A mechanical joint, sometimes referred to as MJ, is a compression joint designed for underground connections for pipes, valves, and fittings


Mechanical joints allow for some joint deflection while maintaining a seal under pressure. This type of connection allows for some misalignment of the two connecting pieces due to ground settling or other installation difficulties.


Installation does not necessitate any mechanical expertise. The following steps ensure a secure connection.

  • First, obtain the components that require fastening. This may include a mechanical joint bell on the pipe, valve, or fitting, and a mechanical joint gland, gasket, and tee-head bolts and nuts.
  • Place the gland and gasket into the MJ bell of the connecting pipe, valve, or fitting at the spigot end of the line.
  • Insert the tee bolts into the gland and bell. The gland and bell come together as the bolts tighten, squeezing the rubber gasket between them. The gasket compresses, causing it to push tightly against the pipe and form a seal. For 2′′ to 24′′ fittings, an MJ seal rates for 350 psi, and for 30′′ to 36′′ fittings, rates for 250 psi.

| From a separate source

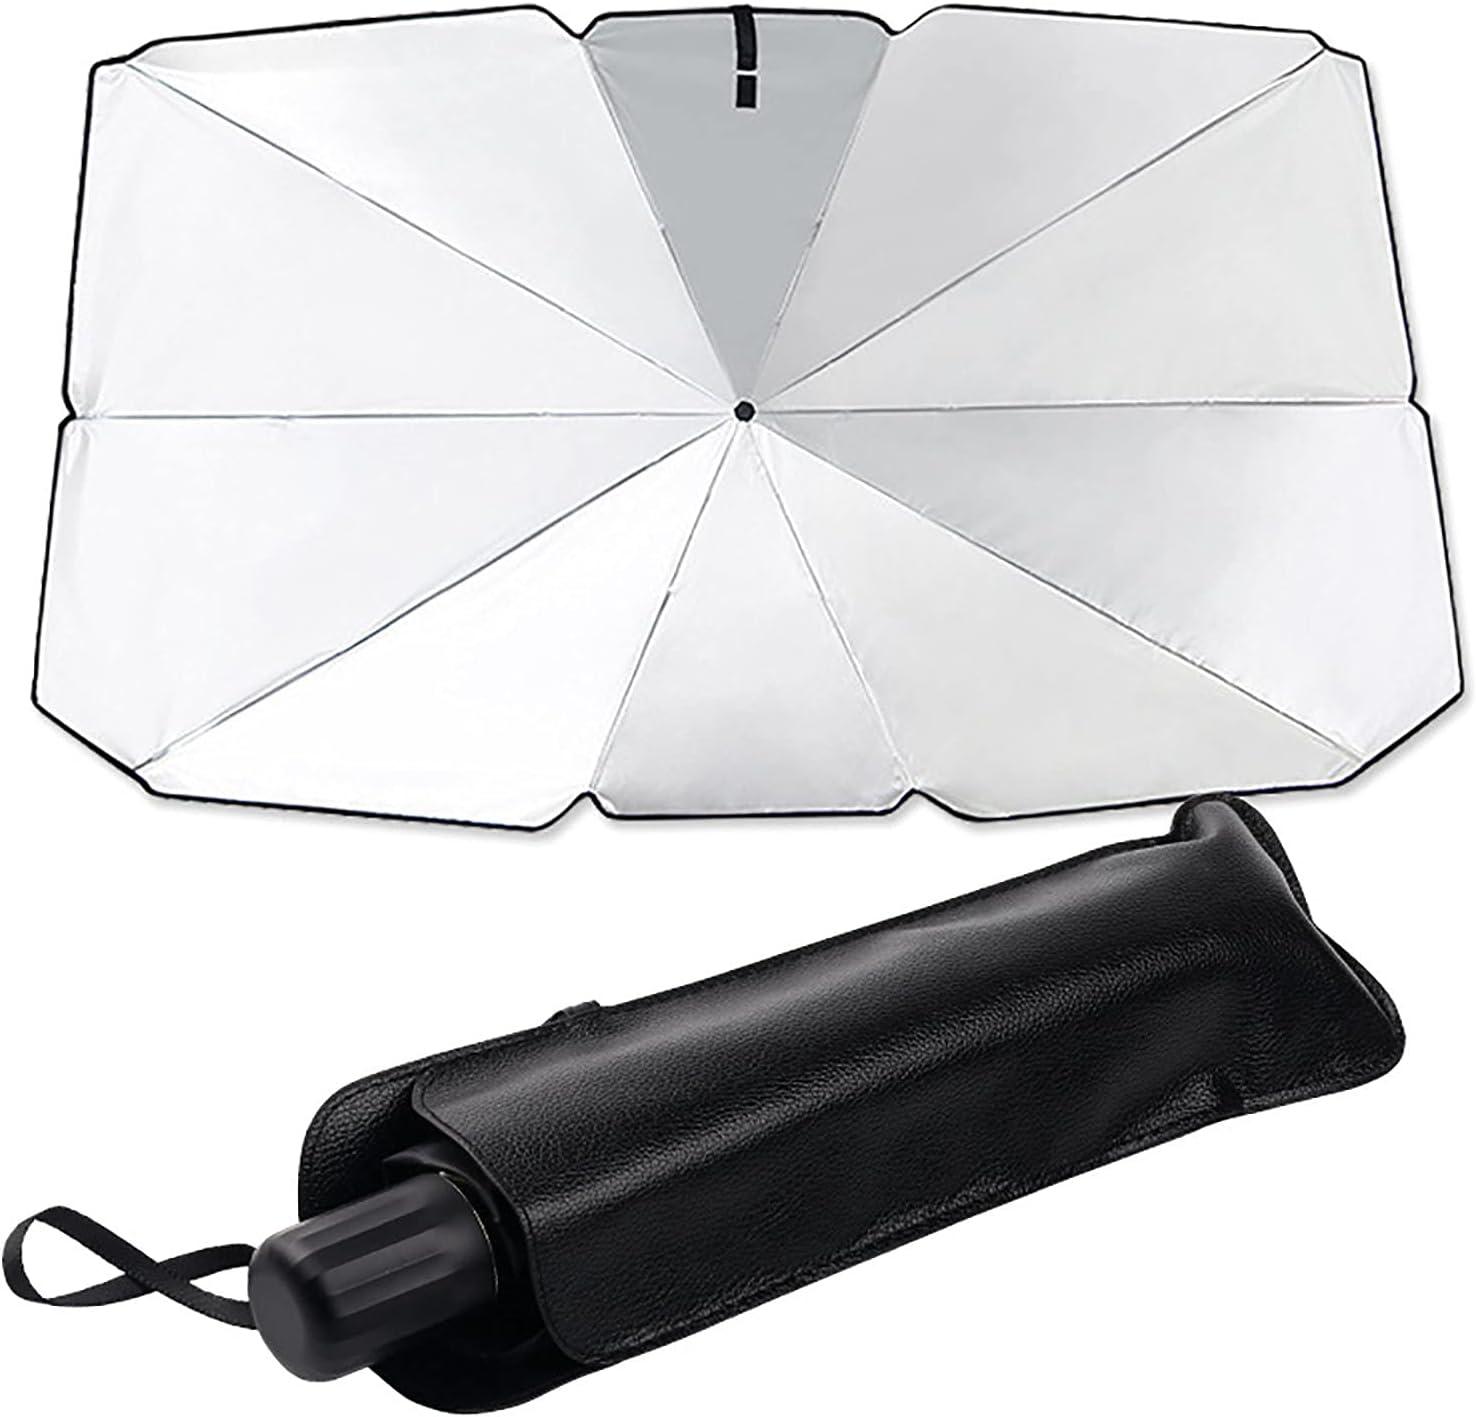 Store Psy Car Windshield Sunshade Don't miss the campaign Umbrella Visor Foldable Sun Fron

Composite structure assemblies always use mechanical joints because of their cost efficiency and accessibility. However, the use of mechanical joints involves the drilling of holes and installation of fasteners.


Stainless steel round bar
Courtesy: Viha Steel

Piping components bolt together between flanges


Flanges connect pipes and connect valves, fittings, and specialist objects like strainers and pressure vessels. In fact, flanges are the second most used joining method after welding. They’re well-known, dependable, cost-effective, and widely available from a variety of vendors.

Furthermore, when compared to other mechanical connectors, flanges have an extensive moment-carrying capability. This is a critical feature for systems that experience pipe wandering or lateral buckling due to temperature and pressure changes (e.g., deep water lines). Flanges fulfill a variety of criteria, including high-temperature and corrosion resistance. 


Many different configurations of flanges exist – from socket weld to threaded and slip-on welded connections. Most commonly, flanges possess a weld neck that allows the flange to weld directly to the in-line pipe.

ZORO SELECT 120-050-000 Weldneck Raise Face,Carbon Steel,285 psi
Courtesy: Grainger

A flanged joint bolts to another flange and seal with a gasket. The gasket is specially chosen to ensure a tight seal. Flanged joints produce by bolting two flanges together and sealing them with a gasket.

Most frequently flanges are fabricated to published standards. For rare custom jobs that involve high pressures, flanges may be fabricated to custom specified dimensions. ANSI (American National Standards Institue) provides that most commonly used dimensional, pressure, and temperature standards for flanges.

The temperature and pressure that a connection sees during operation determines the flange size.


Many engineering and plumbing applications require the use of flanges. Flanges and their associated piping are common in the transport, manufacturing, power generation, and chemical industry, to name a few. Flanges come in various types and shapes, and their materials vary depending on the fluid and service environment (low carbon steel, low alloy steel, stainless steel, high alloy steel, non-ferrous steel, and so on).

When To Use Mechanical Joint vs. Flange

Underground connections for pipes, valves, and fittings provide the primary use case for mechanical joints. . The mechanical joint, functioning either as a non-restrained or retrained joint, uses a wedge action retaining gland. The compression of the gland against the bell wedges the gasket, establishing a watertight seal.

Advantages of Mechanical Joint

  • No thermal or structural transformation of workpieces.
  • Numerous choices of material.
  • High strength capacity.
  • Mobility of material after joining.
  • Easy to control the quality.
  • Good environmental behavior – no emission or pollution.

Disadvantages of Mechanical Joint

  • It can be difficult or impossible to repair joints.
  • Many rivets may mean higher costs.
  • Typically not finanically viable for above-ground applications.

Meanwhile, the flange provides a stiff joint that does not deflect or expand in any way. This property does not bode well for underground installations where shifting occurs quite frequently. A ground shift could damage the integration of the joint. The watertight seal forms by tightening the bolts and compressing the gasket between the two flanges.

Advantages of Flanges

  • Painting and blasting are not necessary, although usually required by specficiation.
  • Hot work permitting may not apply in the case of threaded connections.
  • Numerous piping spools can be manufactured and shipped loose if necessary.

Disadvantages of Flanges

  • It is expensive to insulate flanged pipes.
  • More space is needed for flanged pipe systems.
  • A flange connection can leak.

The choice of whether to use a mechanical joint vs. a flange depends on client specifications, project requirements, and the application. Engineers should carefully consider the advantages and disadvantages of each type of connection prior to installation.